**Records shown**.
-- Opening Marker --

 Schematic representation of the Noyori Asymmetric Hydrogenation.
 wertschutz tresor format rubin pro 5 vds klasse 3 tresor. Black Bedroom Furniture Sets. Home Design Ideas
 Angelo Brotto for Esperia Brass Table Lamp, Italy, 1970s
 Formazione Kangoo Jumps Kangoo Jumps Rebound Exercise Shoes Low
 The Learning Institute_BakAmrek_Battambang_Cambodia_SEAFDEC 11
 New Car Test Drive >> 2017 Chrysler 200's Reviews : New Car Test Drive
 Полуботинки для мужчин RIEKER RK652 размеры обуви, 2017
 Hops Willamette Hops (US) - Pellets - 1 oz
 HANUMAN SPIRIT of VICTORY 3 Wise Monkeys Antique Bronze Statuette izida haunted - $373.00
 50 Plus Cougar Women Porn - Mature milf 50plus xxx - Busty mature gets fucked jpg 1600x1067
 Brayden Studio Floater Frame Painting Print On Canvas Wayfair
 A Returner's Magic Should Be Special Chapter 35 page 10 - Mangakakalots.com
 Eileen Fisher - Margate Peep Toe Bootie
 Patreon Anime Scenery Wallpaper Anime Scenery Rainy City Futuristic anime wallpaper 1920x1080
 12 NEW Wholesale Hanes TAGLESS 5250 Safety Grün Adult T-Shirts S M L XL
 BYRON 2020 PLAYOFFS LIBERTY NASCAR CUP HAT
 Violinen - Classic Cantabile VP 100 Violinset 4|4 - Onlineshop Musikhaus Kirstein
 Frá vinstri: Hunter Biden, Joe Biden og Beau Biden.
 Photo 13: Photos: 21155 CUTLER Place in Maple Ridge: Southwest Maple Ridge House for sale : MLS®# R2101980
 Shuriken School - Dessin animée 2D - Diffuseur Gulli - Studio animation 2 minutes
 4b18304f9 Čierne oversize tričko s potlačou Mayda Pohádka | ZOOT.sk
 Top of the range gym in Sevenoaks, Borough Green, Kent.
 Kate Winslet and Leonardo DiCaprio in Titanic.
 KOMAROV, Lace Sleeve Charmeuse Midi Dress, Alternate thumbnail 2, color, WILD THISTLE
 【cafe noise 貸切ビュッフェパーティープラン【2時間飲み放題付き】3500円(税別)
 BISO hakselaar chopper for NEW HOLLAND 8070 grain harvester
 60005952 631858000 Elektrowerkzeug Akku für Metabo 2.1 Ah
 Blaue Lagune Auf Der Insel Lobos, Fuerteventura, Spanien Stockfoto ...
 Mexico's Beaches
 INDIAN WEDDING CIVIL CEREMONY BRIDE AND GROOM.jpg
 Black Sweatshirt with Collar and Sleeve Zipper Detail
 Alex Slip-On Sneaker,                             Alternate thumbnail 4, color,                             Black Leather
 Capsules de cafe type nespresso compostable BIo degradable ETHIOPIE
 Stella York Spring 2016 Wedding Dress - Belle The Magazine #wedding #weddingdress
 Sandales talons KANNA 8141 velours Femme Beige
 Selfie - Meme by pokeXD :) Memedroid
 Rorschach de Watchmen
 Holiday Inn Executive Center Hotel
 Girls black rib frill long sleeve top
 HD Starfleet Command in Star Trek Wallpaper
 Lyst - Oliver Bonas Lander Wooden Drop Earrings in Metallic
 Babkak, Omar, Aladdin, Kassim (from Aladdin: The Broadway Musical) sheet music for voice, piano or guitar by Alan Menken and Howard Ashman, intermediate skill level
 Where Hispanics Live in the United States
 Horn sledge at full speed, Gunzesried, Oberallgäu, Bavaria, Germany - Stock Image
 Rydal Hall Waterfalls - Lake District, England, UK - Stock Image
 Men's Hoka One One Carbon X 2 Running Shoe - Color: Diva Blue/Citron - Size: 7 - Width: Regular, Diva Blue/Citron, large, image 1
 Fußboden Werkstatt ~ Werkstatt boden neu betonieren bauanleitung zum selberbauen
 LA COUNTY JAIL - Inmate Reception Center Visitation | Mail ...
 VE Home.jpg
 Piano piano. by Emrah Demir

-- Closing Marker --

**What you need to do**.
In the entries above, restate word for word the lines between the one holding "Holiday Inn Executive Center Hotel" and the one holding "Fußboden Werkstatt ~", inclusive, and nothing besides.

**Task answer**.
 Holiday Inn Executive Center Hotel
 Girls black rib frill long sleeve top
 HD Starfleet Command in Star Trek Wallpaper
 Lyst - Oliver Bonas Lander Wooden Drop Earrings in Metallic
 Babkak, Omar, Aladdin, Kassim (from Aladdin: The Broadway Musical) sheet music for voice, piano or guitar by Alan Menken and Howard Ashman, intermediate skill level
 Where Hispanics Live in the United States
 Horn sledge at full speed, Gunzesried, Oberallgäu, Bavaria, Germany - Stock Image
 Rydal Hall Waterfalls - Lake District, England, UK - Stock Image
 Men's Hoka One One Carbon X 2 Running Shoe - Color: Diva Blue/Citron - Size: 7 - Width: Regular, Diva Blue/Citron, large, image 1
 Fußboden Werkstatt ~ Werkstatt boden neu betonieren bauanleitung zum selberbauen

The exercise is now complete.